Turning to Defendants' argument that there is no evidence of the commission of any unlawful act, we note that to be actionable, civil conspiracy must be based on an existing independent wrong or tort that would constitute a valid cause of action if committed by one actor. See, McGreevy v. Stroup, 413 F.3d 359, 371 (3d Cir. 2005); Boyanowski v. Capital Area Intermediate Unit, 215 F.3d 396, 405 (3d Cir. 2000) citing Nix v. Temple University, 408 Pa. Super. 369, 596 A.2d 1132, 1137 (1991) and Pelagatti v. Cohen, 370 Pa. Super. 422, 536 A.2d 1337, 1342 (1987); In re Orthopedic Bone Screw Products Liability Litigation, 193 F.3d 781, 789 (3d Cir. 1999). As we observed in our August 3, 2006 Memorandum Opinion the averments in Count IX "are extremely vague," but viewing them and the record evidence now before us in the light most favorable to Plaintiff, we find it conceivable that a jury could find that the defendants conspired to invade Plaintiff's privacy by making public certain information about her private relationship with the former Father Sharp. So saying, the defendants' motion for judgment in their favor on Count IX is denied.
We note that in our August 3, 2006 memorandum we theorized that Plaintiff may have been trying to allege that the defendants conspired to unlawfully discriminate against her. Given the Third Circuit's prediction that the Pennsylvania Supreme Court would require the dismissal of a civil conspiracy claim where the underlying tort was not shown, we recognize that our previous hypothesis may have been erroneous. Boyanski, 215 F.3d at 405-406. Regardless, as we find that Plaintiff has made a sufficient evidentiary showing to permit her claim for invasion of privacy to continue and as Count IX has been broadly pled, we shall permit Plaintiff to proceed under the theory that the defendants conspired to invade her privacy by publication of private facts.

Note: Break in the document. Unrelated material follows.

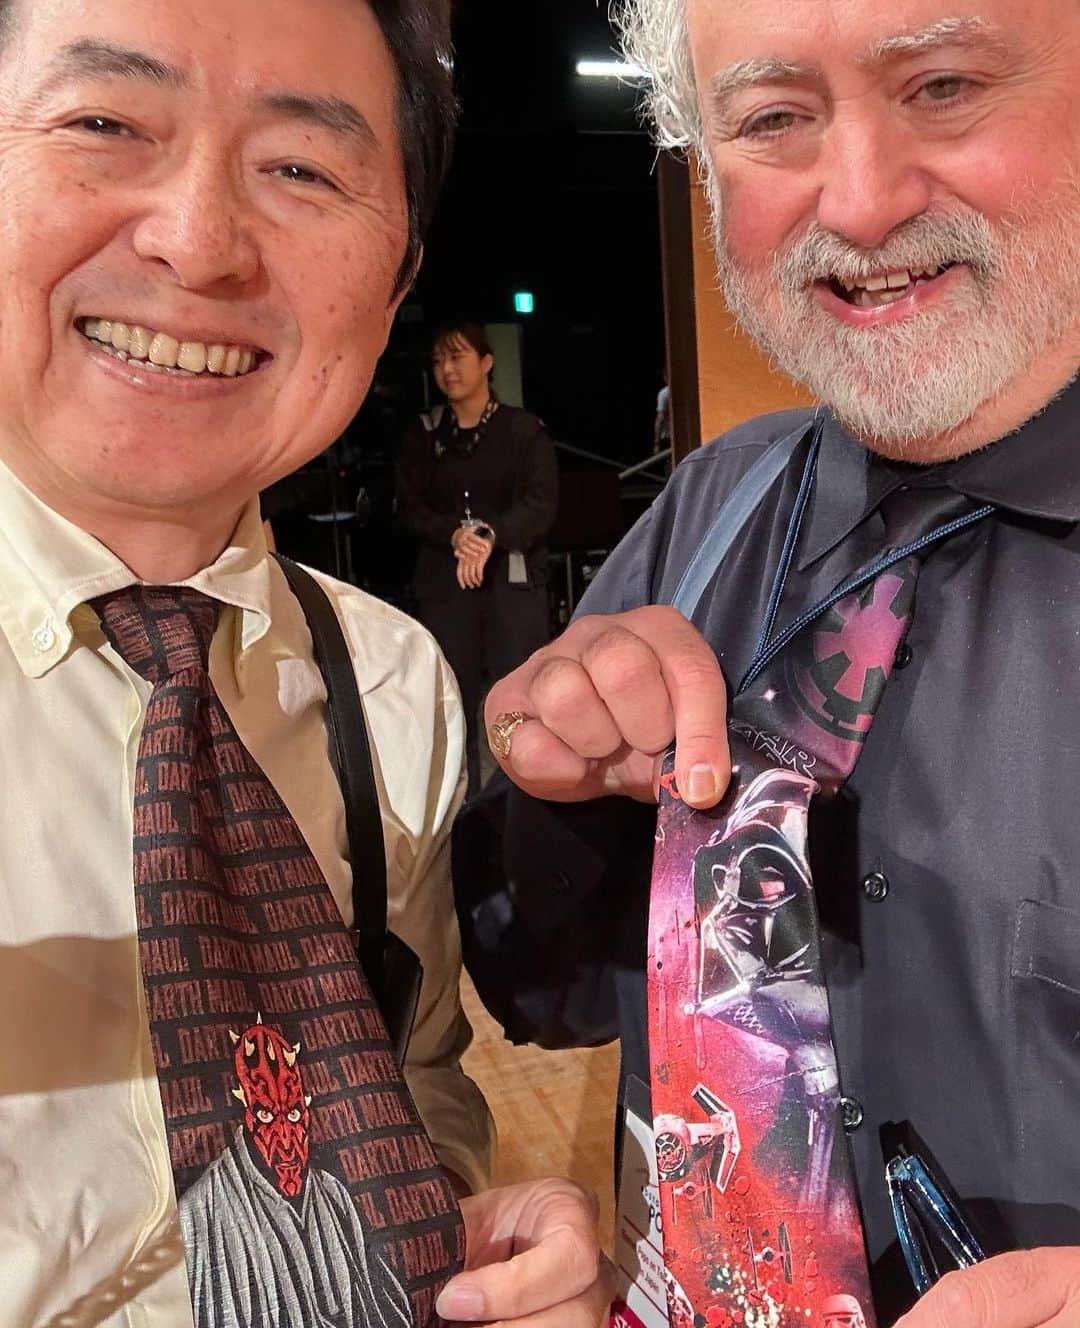 笠井信輔のインスタグラム：「20年ぶりに日本で来日公演を行ったアメリカ🇺🇸のボストン·ポップス·オーケストラ  5000人を集めた東京国際フォーラムAで司会を務めました   昨日の公演はスター・ウォーズ・サーガ特集です  ボストンポップスで、15年にわたって指揮者を務めてきた映画音楽作曲家、ジョン・ウィリアムズが創ったスター・ウォーズの音楽の世界  9作品あるスターウオーズの映画音楽を余すところなく、皆さんにお届けしようと言うコンサートです  なんて贅沢なんでしょう  その冒頭の7分ほどは、私のオープニングの語りと、指揮者のロックハートさんのインタビューで幕を開けるので、大変重要な役を任せていただきました　  45年前に銀座のテアトル東京、シネラマで見た「スター・ウォーズ　新たなる希望」  衝撃を受けて、中学生の頃、感想文まで書きました  まずは、ストーリーを詳細に2ページにわたって書いてます  今だったら、ラストシーンを忘れてしまう映画があるのに（笑）  やっぱり、中学生時代の記憶力って凄いんだなと  そして、感想を1ページにわたってビッチリ  これ以上ない絶賛‼️ これを書いた中学生時代の自分に教えてあげたい位です  「ジョン・ウィリアムズのオーケストラで、あなたは司会をするんだよ」と  こんな華やかなスター・ウォーズの舞台に… なんて幸せなんでしょう  感謝の気持ちを噛み締めながら 指揮者のキース・ロックハートさん、演奏の合間に物語を朗読する、声優・俳優の津田健次郎さんとステージに立ちました  津田さんの語りがめちゃくちゃかっこよくて、渋くてよかったんですよ  バックステージでスターウオーズのネクタイをしていたのは、私とオーケストラの1番偉い方の2人だけでした（すみません。名前忘れてしまいました）  ダース・ベイダーとダース・モール なんで2人とも悪役なんでしょ(笑)  そしてジョン・ウィリアムズのスコアをボストン・ポップスの演奏を観客としても楽しみました  13日(金)には大阪公演があります ほんとに素晴らしいので、興味のある方はぜひいらして下さい  東京公演の打ち上げは皆さん満足そうにリラックスしてました  大阪でも私が司会を務めます よろしくお願いいたします」

For all of the foregoing reasons, the defendants' motions for summary judgment are denied pursuant to the attached order.
ORDER
AND NOW, this 1st day of October, 2007, upon consideration of the Defendants' Motions for Summary Judgment (Docket Nos. 48 and 49) and Plaintiff's Response thereto, it is hereby ORDERED that the Motions are GRANTED IN PART and DENIED IN PART and summary judgment is hereby entered in favor of all of the defendants as a matter of law on Counts VI and VII of the Plaintiff's First Amended Complaint.In all other respects, the motions are DENIED.